**TO DO**
Set down the data below exactly; pictures stay out.
*** INFORMATION SUPPLIED ***
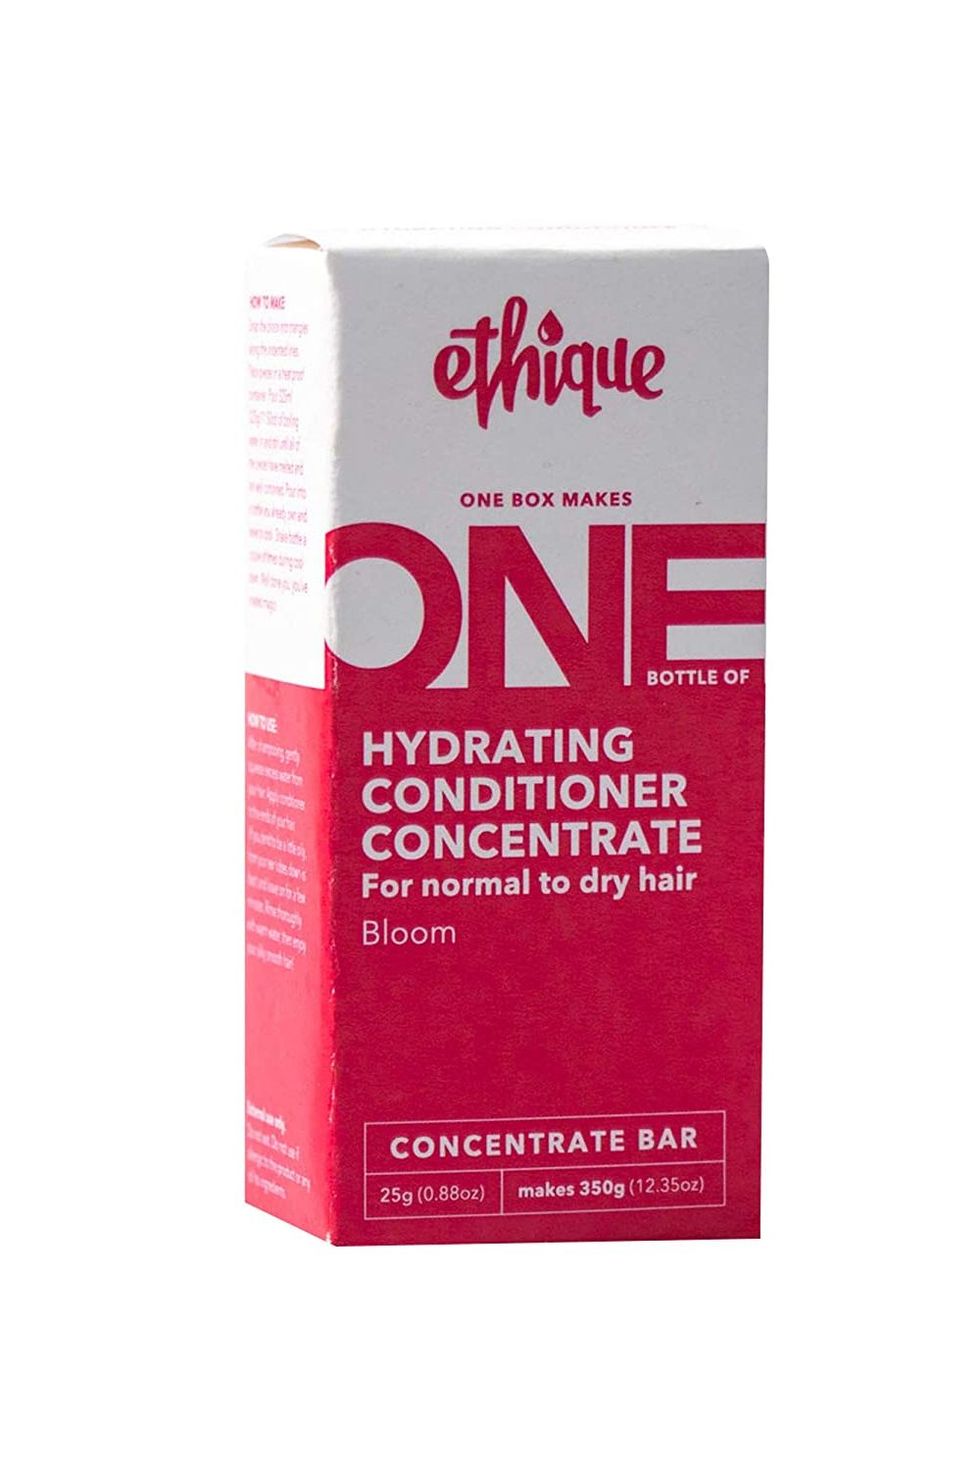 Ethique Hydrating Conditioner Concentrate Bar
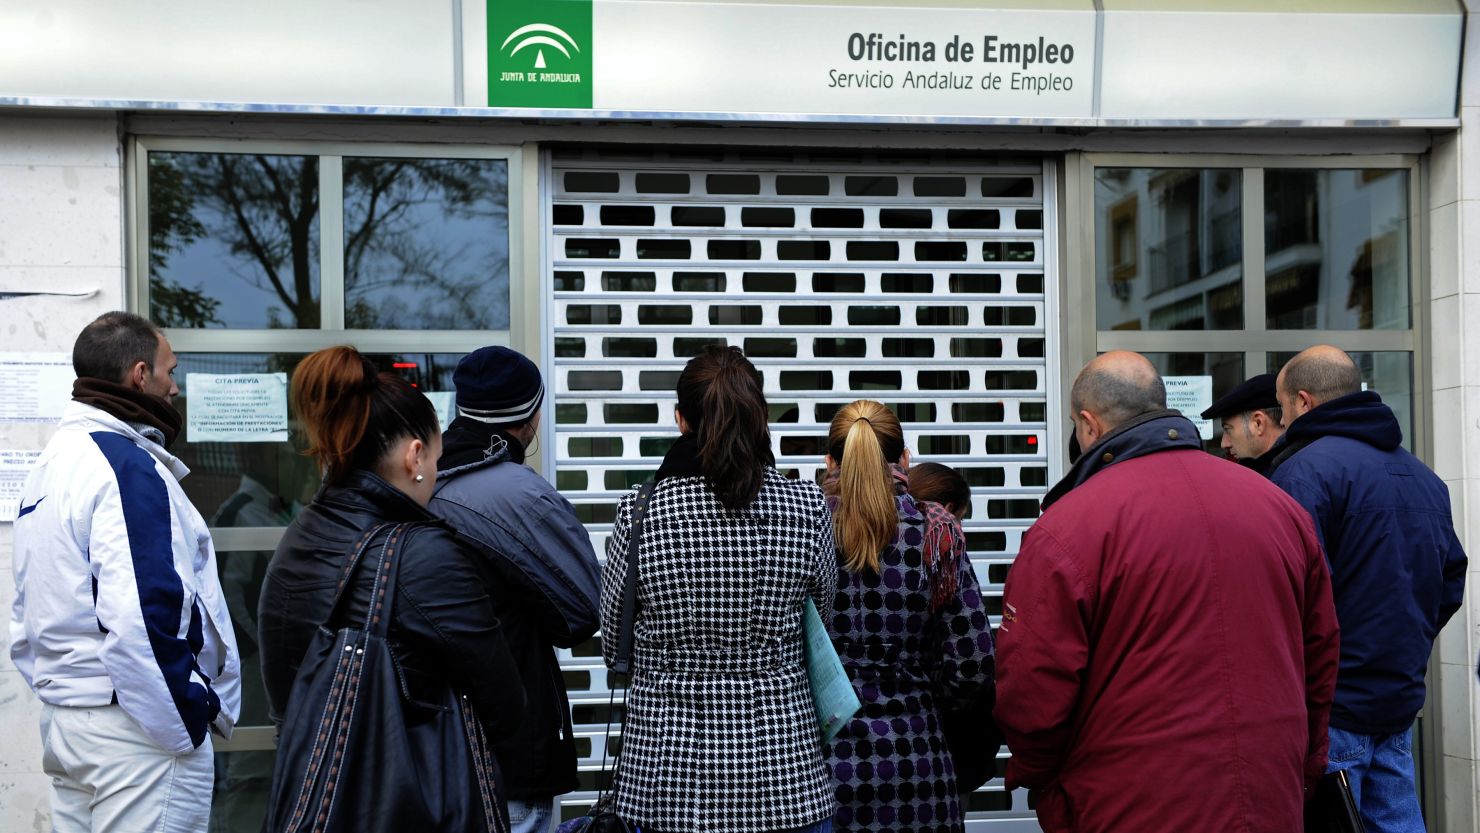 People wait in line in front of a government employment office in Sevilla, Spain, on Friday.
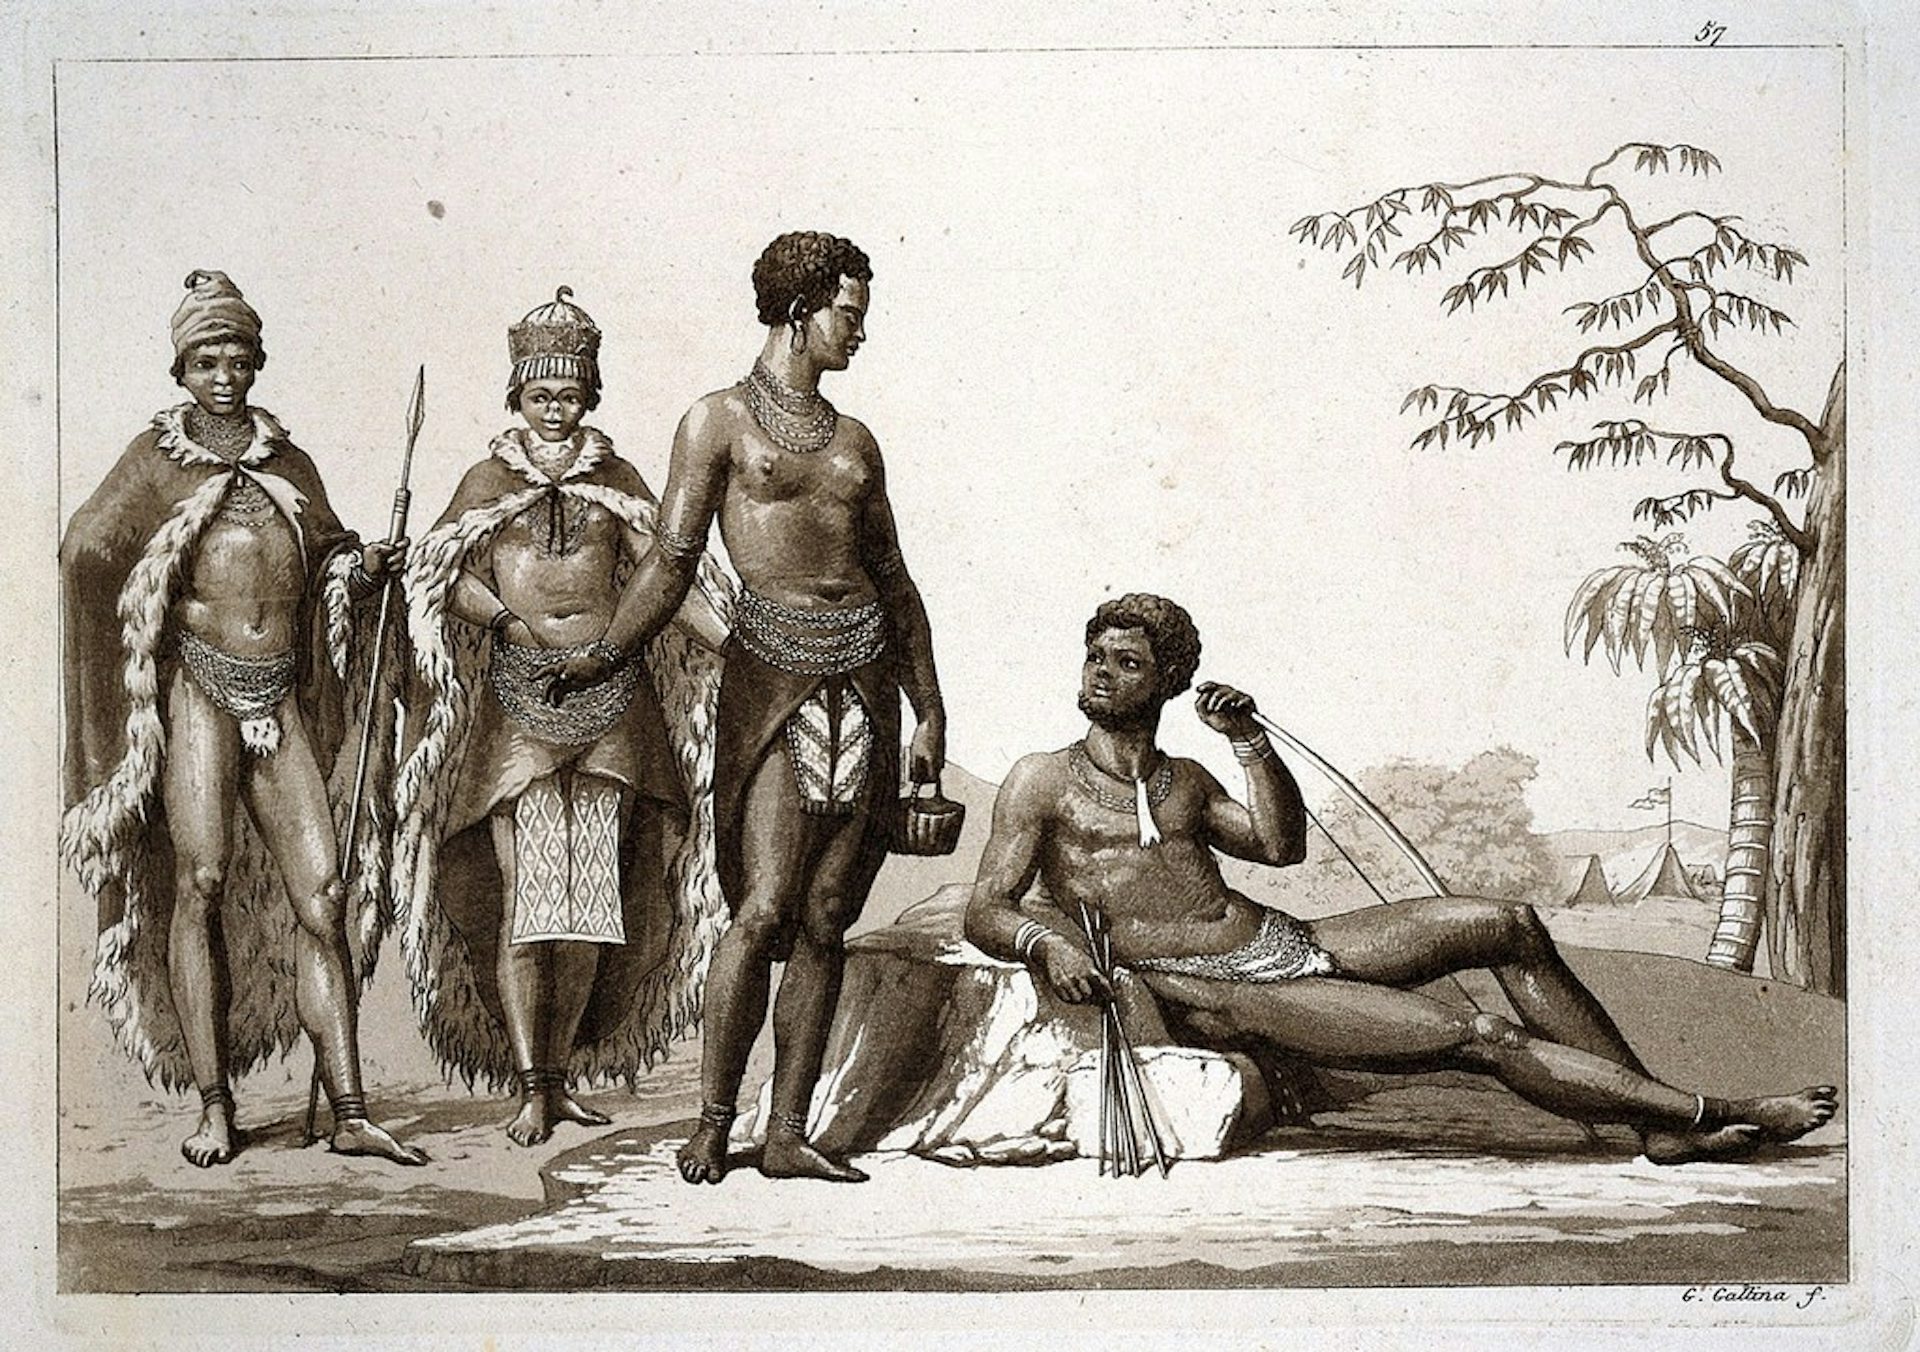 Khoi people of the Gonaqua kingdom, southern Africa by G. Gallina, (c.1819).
***
**RESPONSE TO THIS TASK**
 Ethique Hydrating Conditioner Concentrate Bar
 People wait in line in front of a government employment office in Sevilla, Spain, on Friday.
 Khoi people of the Gonaqua kingdom, southern Africa by G. Gallina, (c.1819).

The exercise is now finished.